Karena Sebagian besar berasal dari situs Ngandong, maka kelompok ini disebut dengan
kelompok Ngandong. Situasi morfologis menunjukkan ciri Homo Erectus yang paling
berevolusi, yang selaras dengan Homo Erectus progresif. Ciri spesifik pada kelompok Homo
Erectus progresif adalah: tengkorak berukuran lebih besar dibandingkan dengan Homo
Erectus kekar dan Homo Erectus tipik, kontur kranial lebih tinggi dan bundar, dan kapasitas
tengkorak 1.100 cc.
Lokasi Penemuan
1. Sangiran.
Pada tahun 1936 dan 1941 G.H.R Von Koenigswald menemukan fosil manusia purba.

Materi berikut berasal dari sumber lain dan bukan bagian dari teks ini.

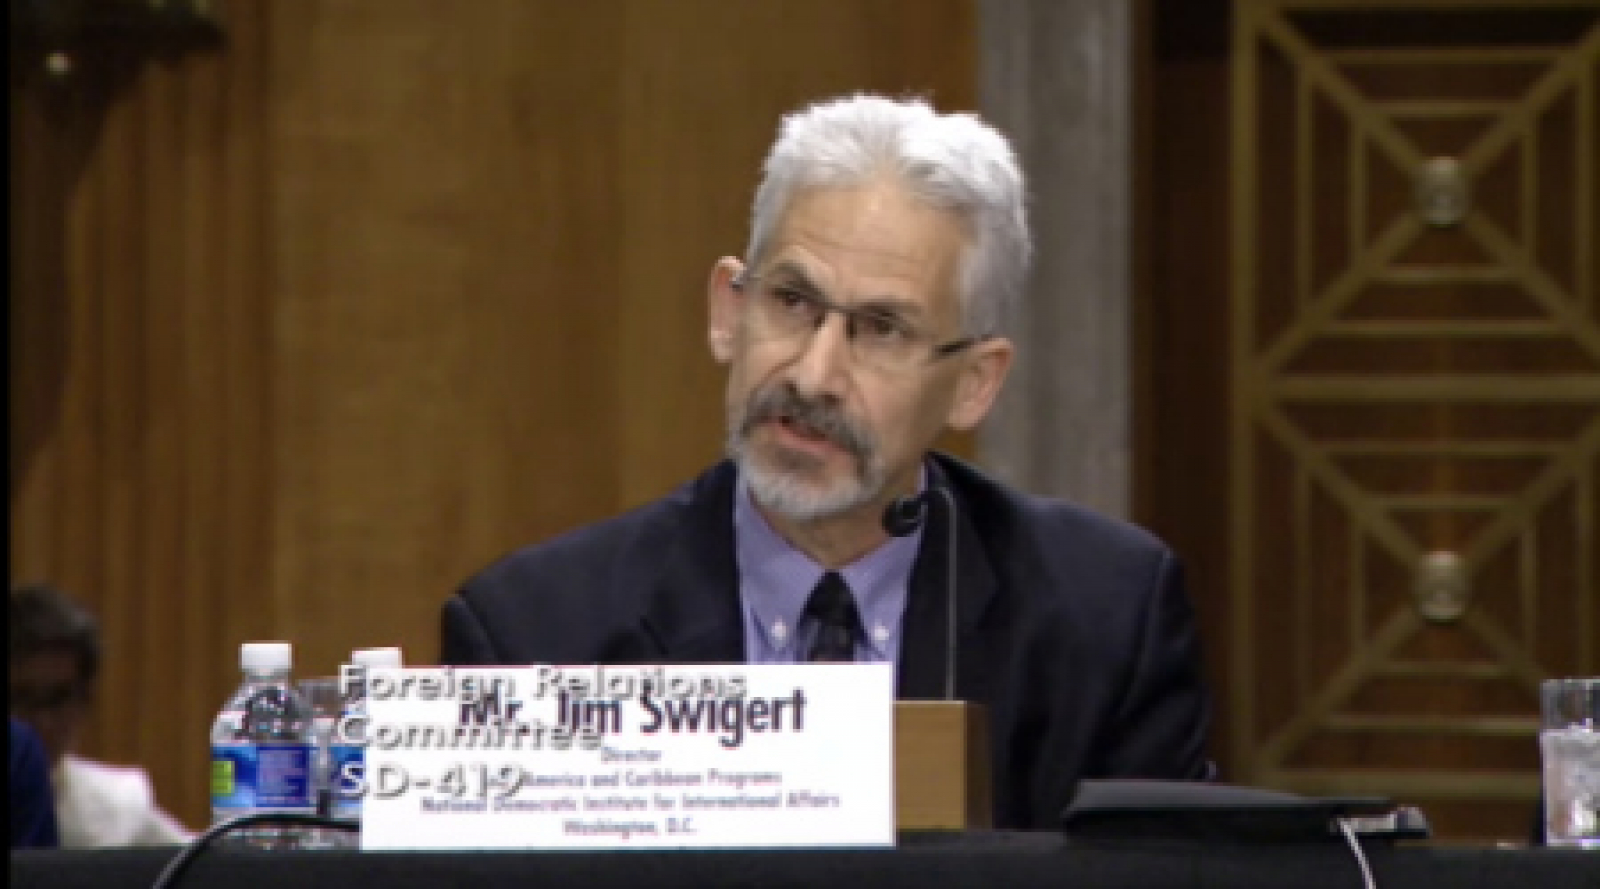 NDI Regional Director Jim Swigert Testifies Before Senate Committee on Opportunities for Central America’s Northern Triangle

Dalam penggaliaanya di daerah Sangiran ia menemukan rahang bawah yang ukurannya jauh
lebih besar dan kuat dari Pithecanthropus Erectus yang ditemukan oleh Eugene Dubois. Fosil
manusia purba yang ditemukan tersebut diperkirakan berasal dari zaman Pleistosen Tua
(bawah) yaitu berada pada lapisan jetis. Von Koenigswald menamakan fosil temuannya ini
dengan sebutan Meganthropus Paleojavanicus (raksasa dari Jawa). Fosil yang ditemukan
adalah sebuah rahang bawah dan 3 buah gigi (1 gigi taring dan 2 gigi geraham) berasal dari
lapisan Pleistosen Bawah (Truman Simanjuntak, 2000). Hasil rekontruksi dari rahang dan
gigi yang ditemukan menunjukkan bahwa makhluk ini adalah pemakan tumbuhan yag tidak
dimasak terlebih dahulu.
Gambar: Von Koenigswald dan rekontruksi Meganthropus Paleojavanicus
2. Trinil, Ngawi, Jawa Timur.
Pada tahun 1890-1891 dalam penelitian di Trinil (Ngawi) seorang dokter tentara
Belanda berkebangsaan Perancis, Dr. Eugene Dubois melakukan penggalian yang dilakukan
pada formasi Kabuh (Pleistosen Tengah). Dari hasil penggalian ditemukan rahang bawah,
temputung kepala, tulang paha, serta geraham atas dan bawah. Dr. Eugene Dubois
menamakannya Pithecanthropus Erectus. Ekskavasi yang dilakukan oleh Eugene Dubois di
Trinil telah membawa penemuan sisa-sia manusia purba yang sangat berharga bagi dunia
pengetahuan.
Tengkotak Pithecanthropus Erectus dari Trinil sangat pendek tetapi memanjang ke
belakang. Volume otaknya sekitar 900 cc, volume di antara otak kera (600 cc) dan otak
manusia modern (1.200 cc – 1.400 cc). Tulang kening sangat menonjol dan di bagian
belakang orbit mata terdapat penyempitan yang sangat jelas, menandakan otak belum
berkembang.
Pada tahun 1939, Von Koenigswald menemukan beberapa fosil manusia purba di desa
Trinil dekat Ngawi, Jawa Timur. Dalam penyelidikannya di daerah Trinil, Bersama dengan
peneliti lain bernama Weidenreich, mereka menemukan fosil sejenis Pithecanthropus yang
ditemukan di Mojokerto, namun ukurannya lebih besar dan lebih kuat. Berdasarkan pada
bentuk fosil tersebut mereka memberikan nama Pithecanthropus Robustus yang berarti
manusia kera yang besar dan kuat (Herimanto, 2012).